Dataset extract

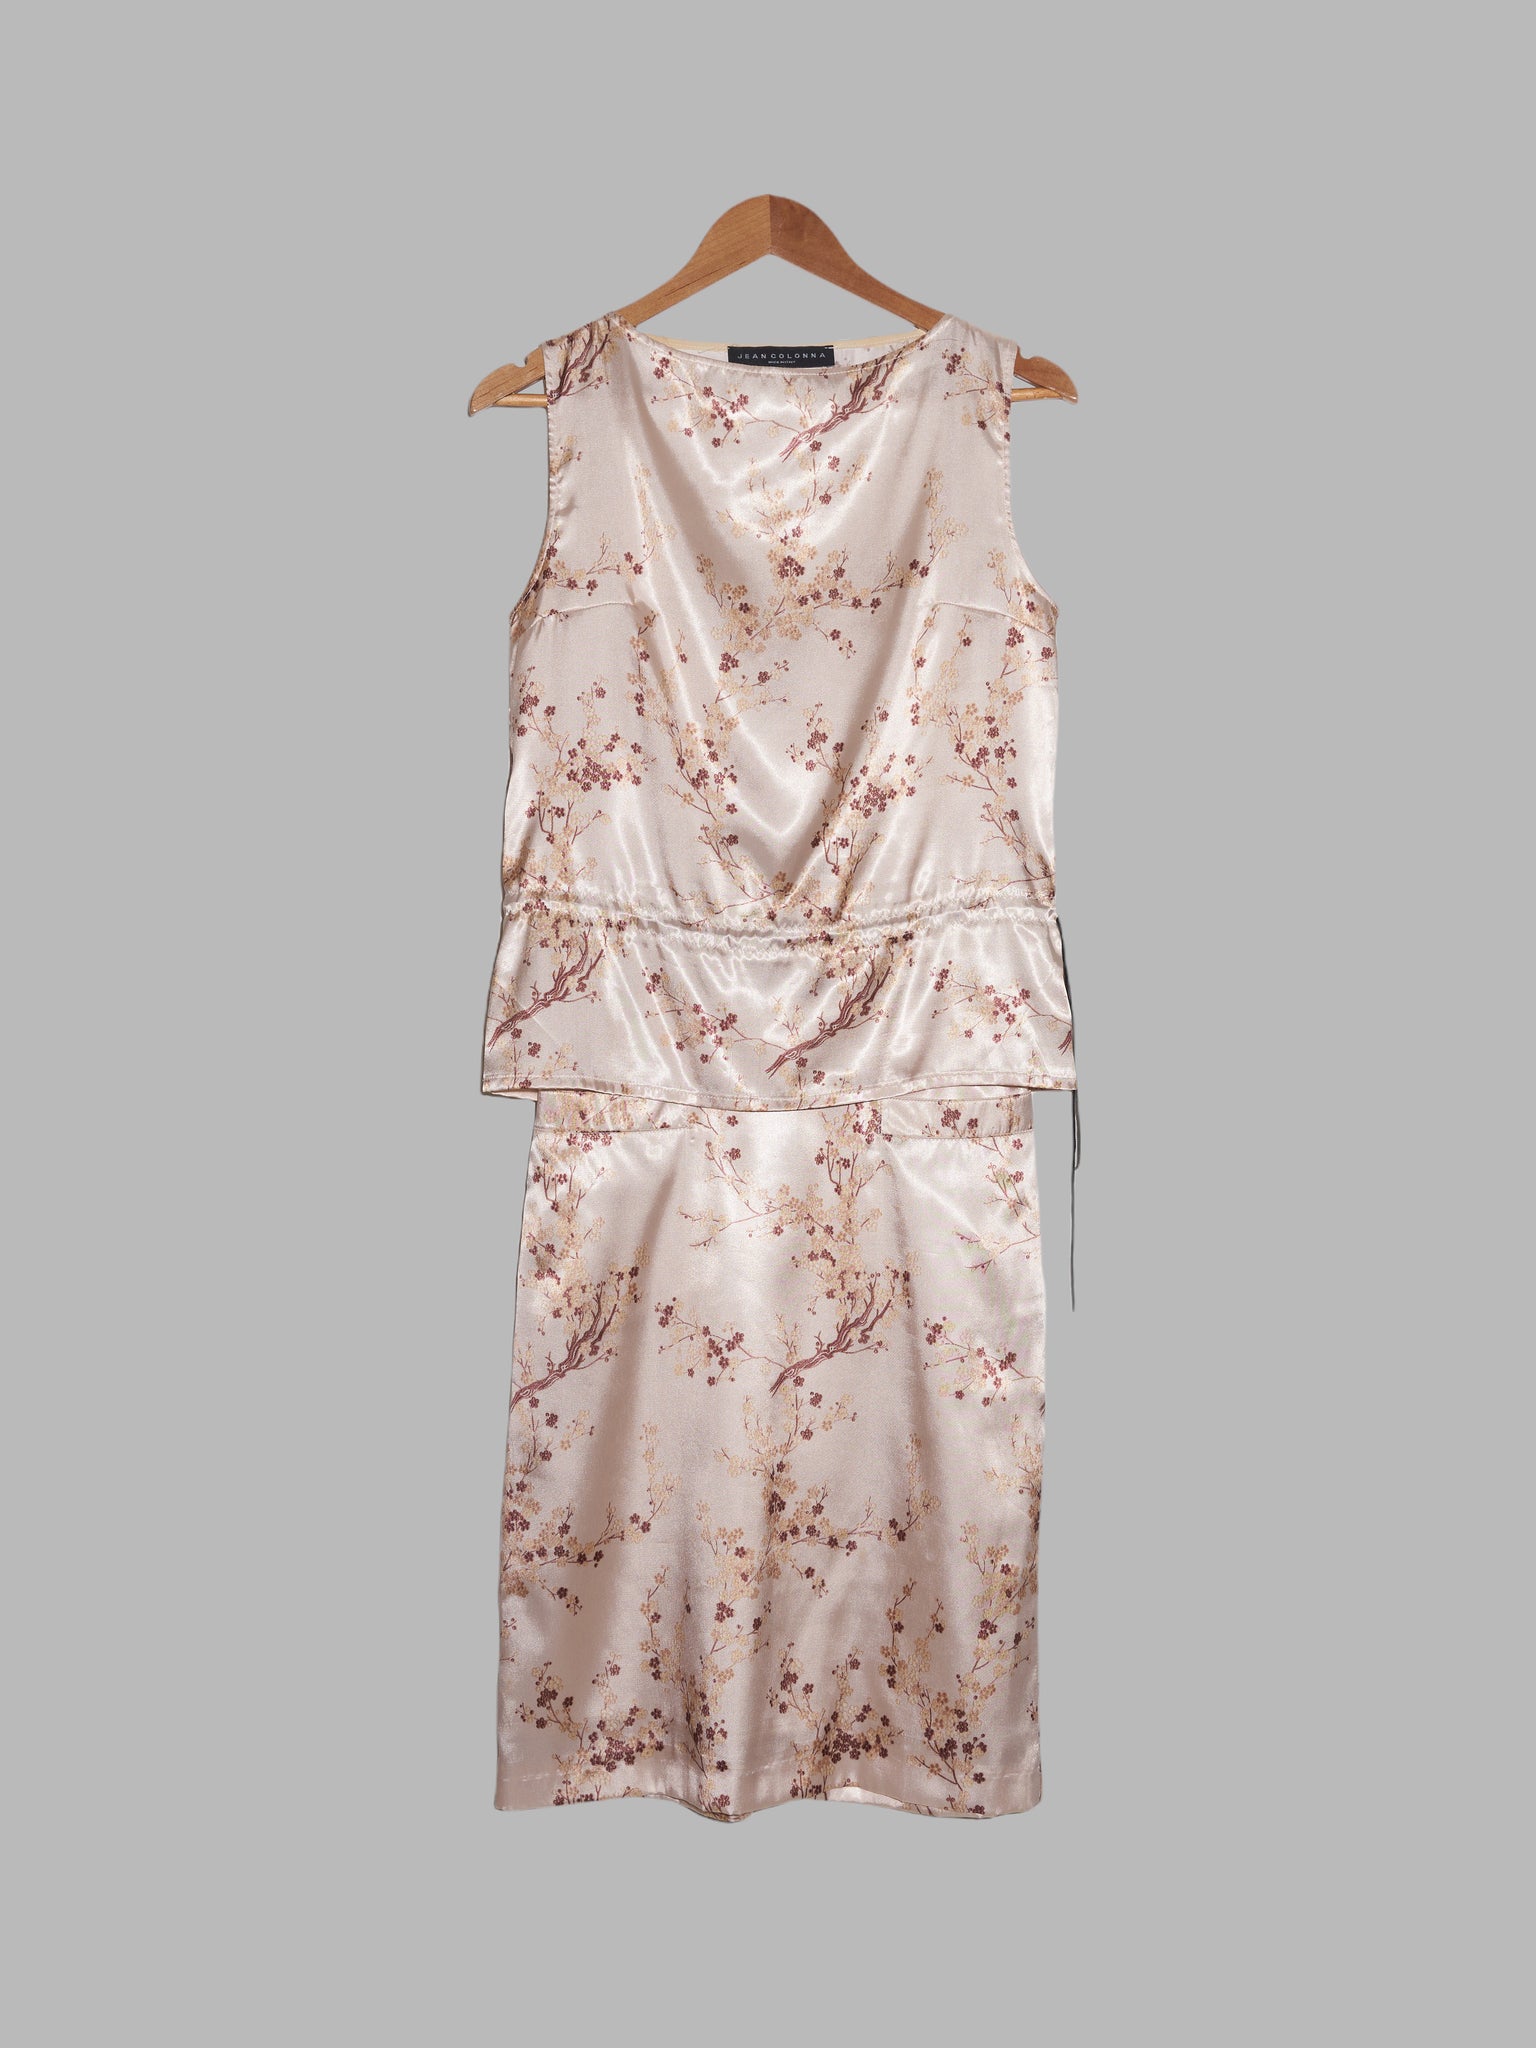 Jean Colonna AW1998 beige satin cherry blossom print sleeveless top skirt set
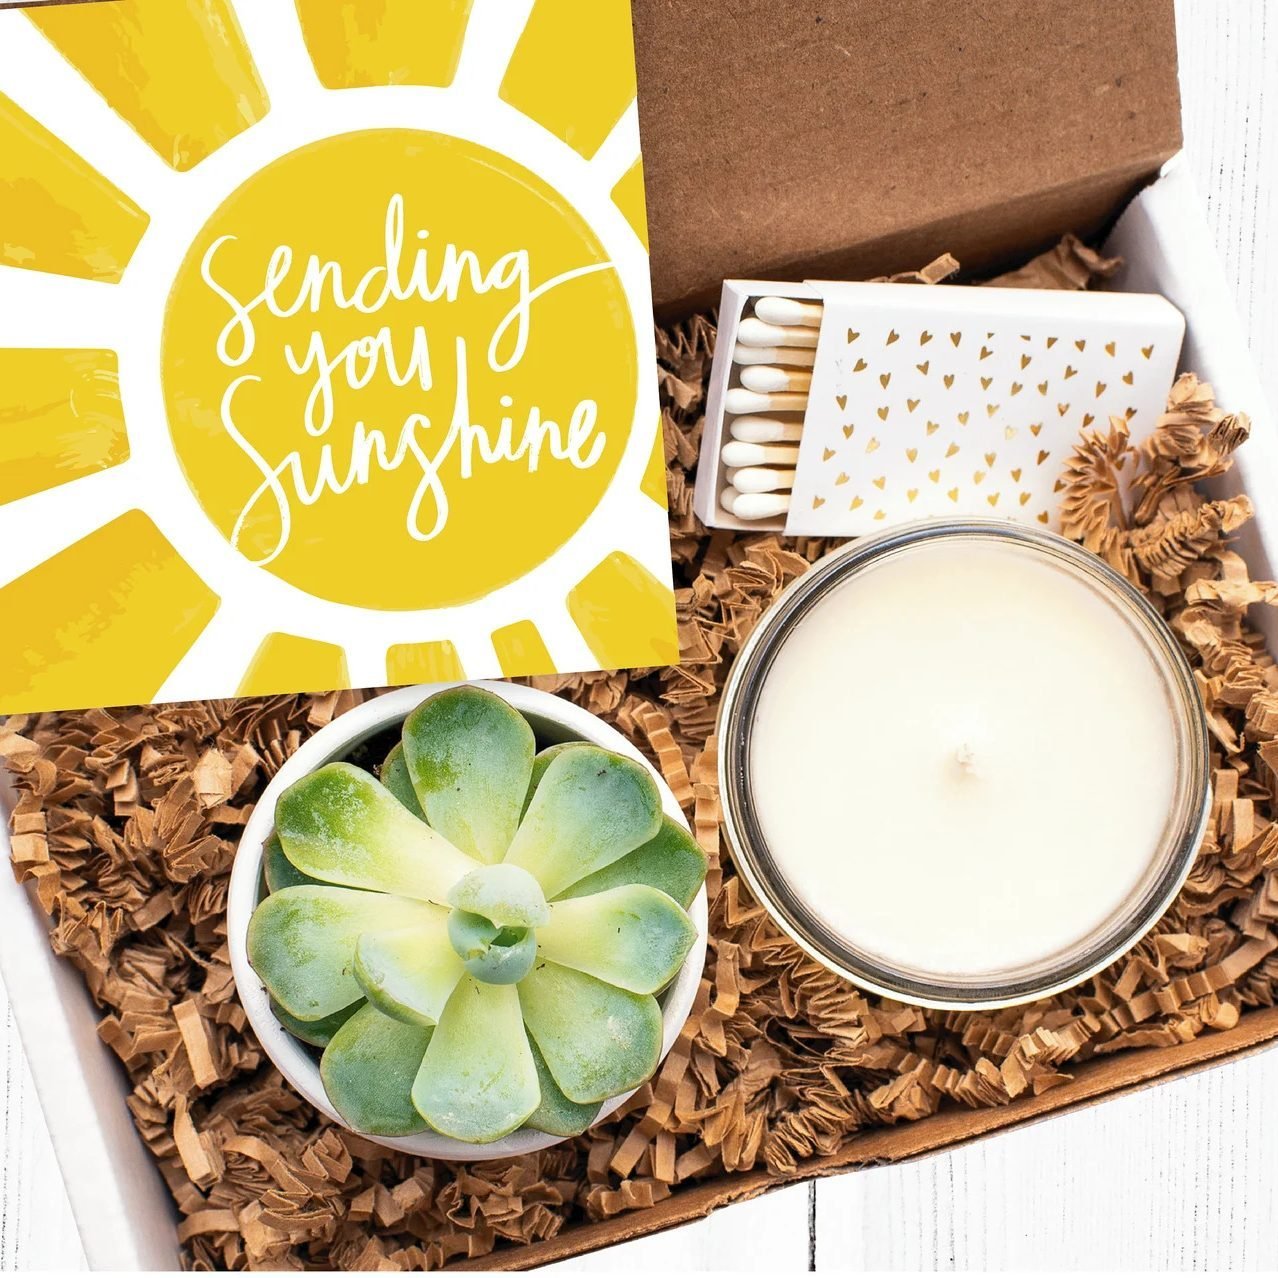 Sending You Sunshine Gift Box Ecomm Via Etsy.com
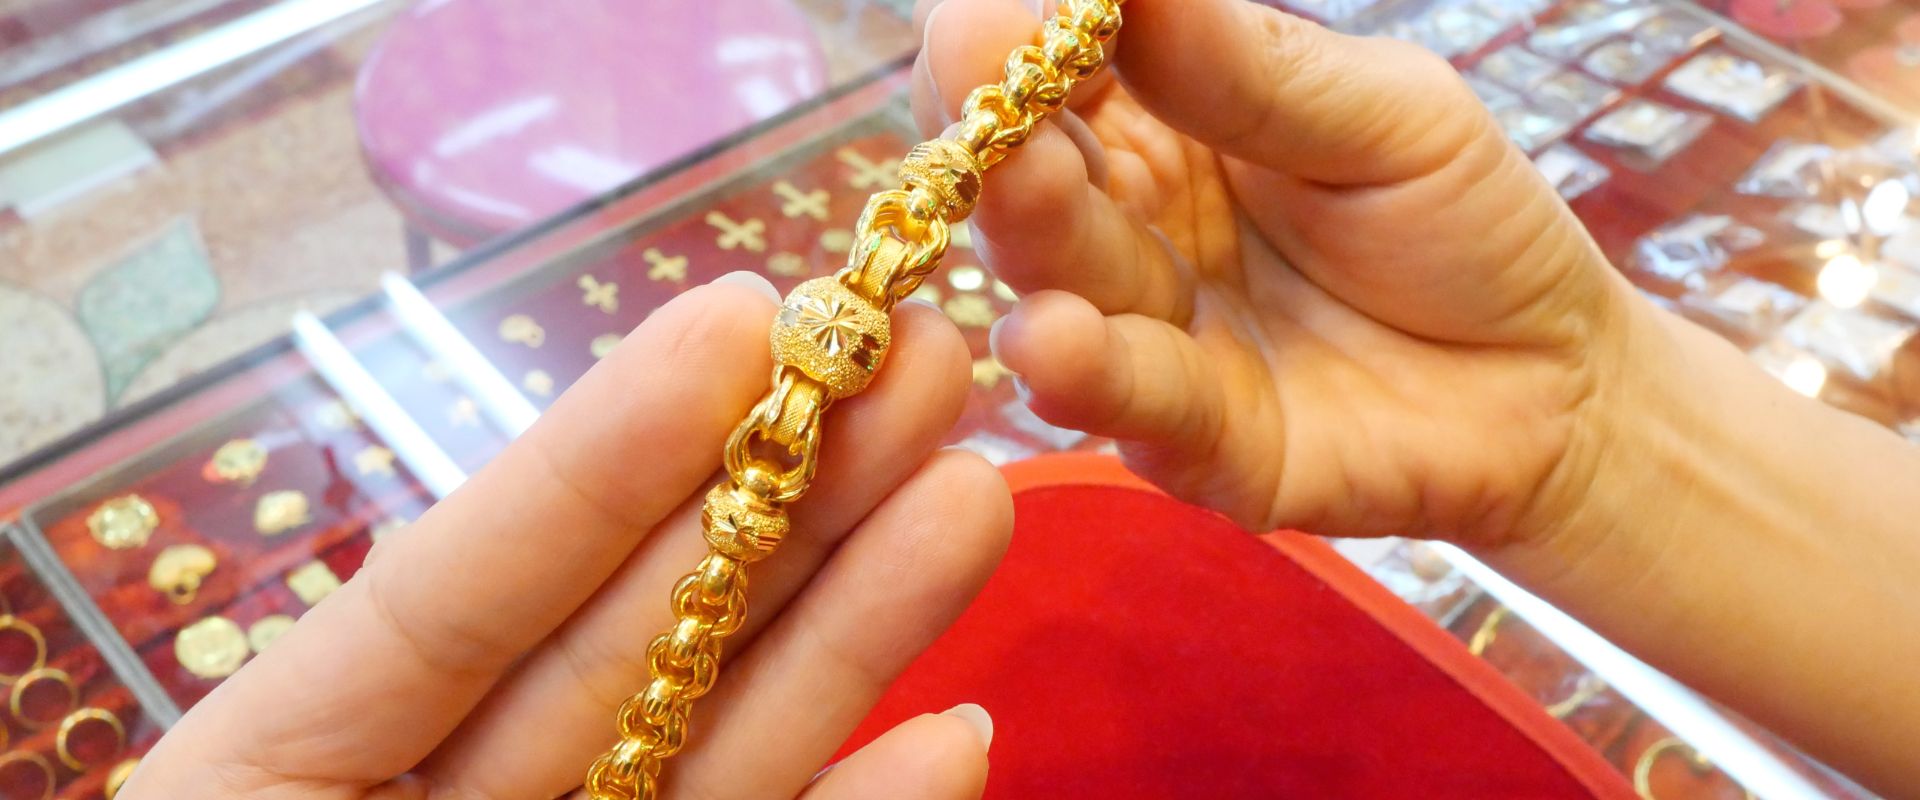 woman selling gold bracelet at pawn shop
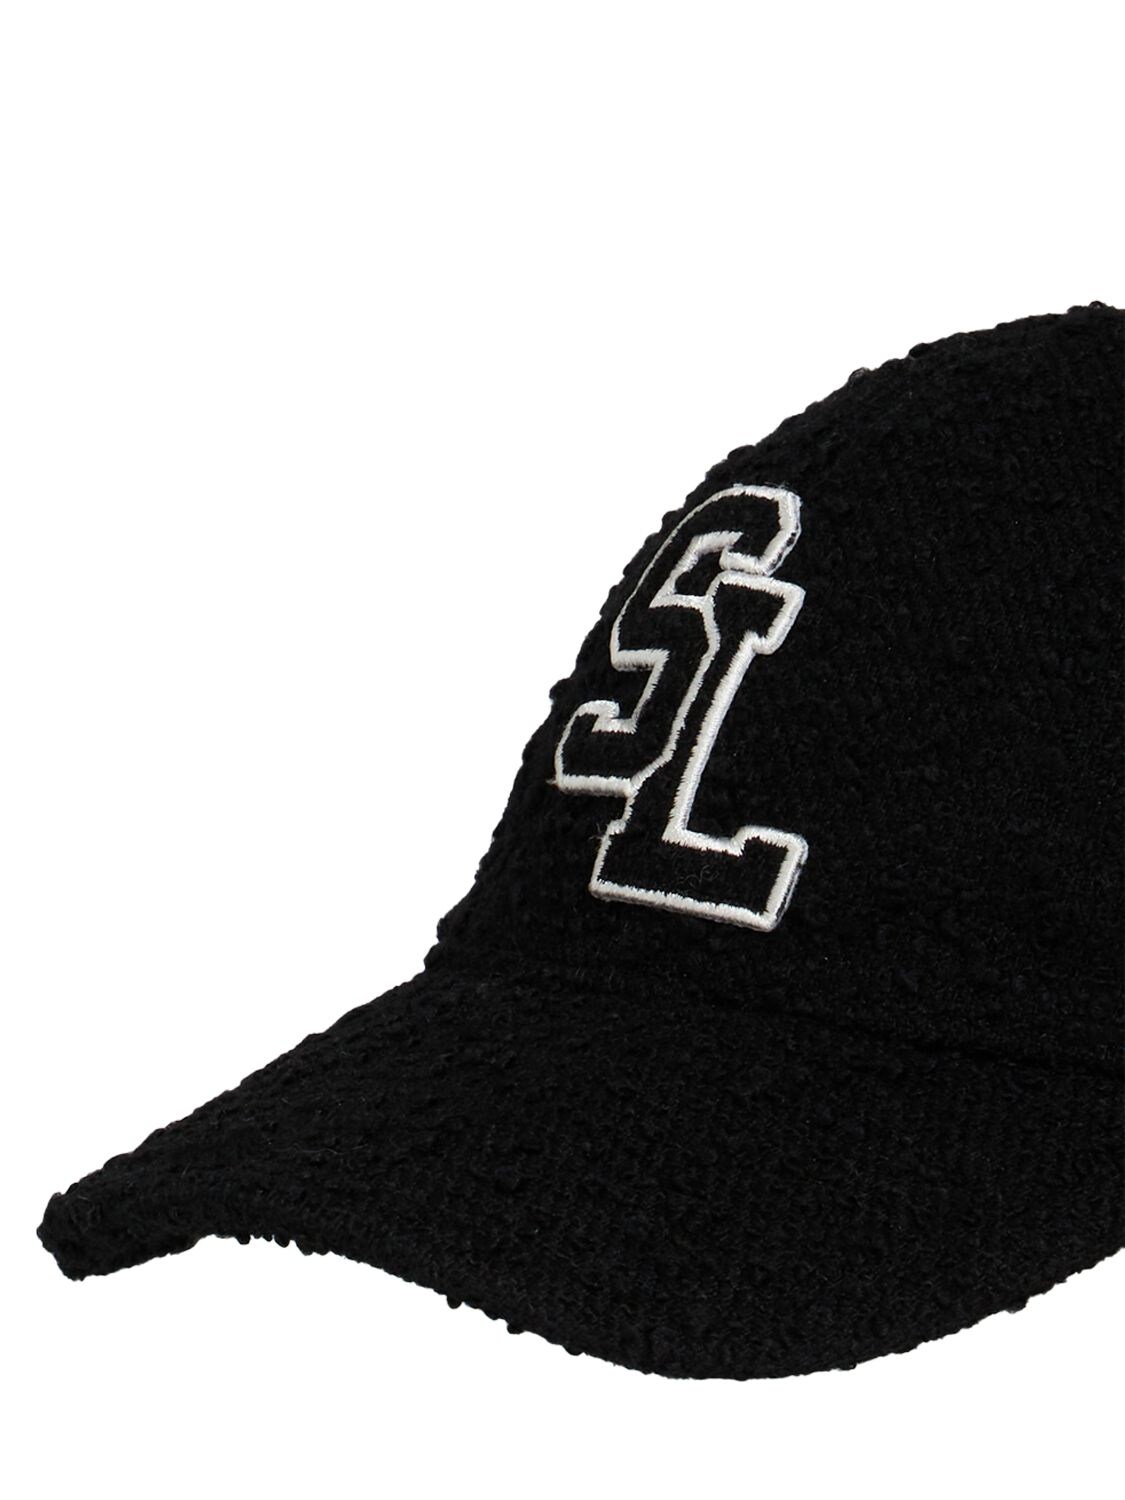 New Era YSL Monogram Cap Black (Myrtle Beach Location) – RondevuNC

Required action
Write out the whole listing verbatim, images excluded.

Problem solution
 Jean Colonna AW1998 beige satin cherry blossom print sleeveless top skirt set
 Sending You Sunshine Gift Box Ecomm Via Etsy.com
 woman selling gold bracelet at pawn shop
 New Era YSL Monogram Cap Black (Myrtle Beach Location) – RondevuNC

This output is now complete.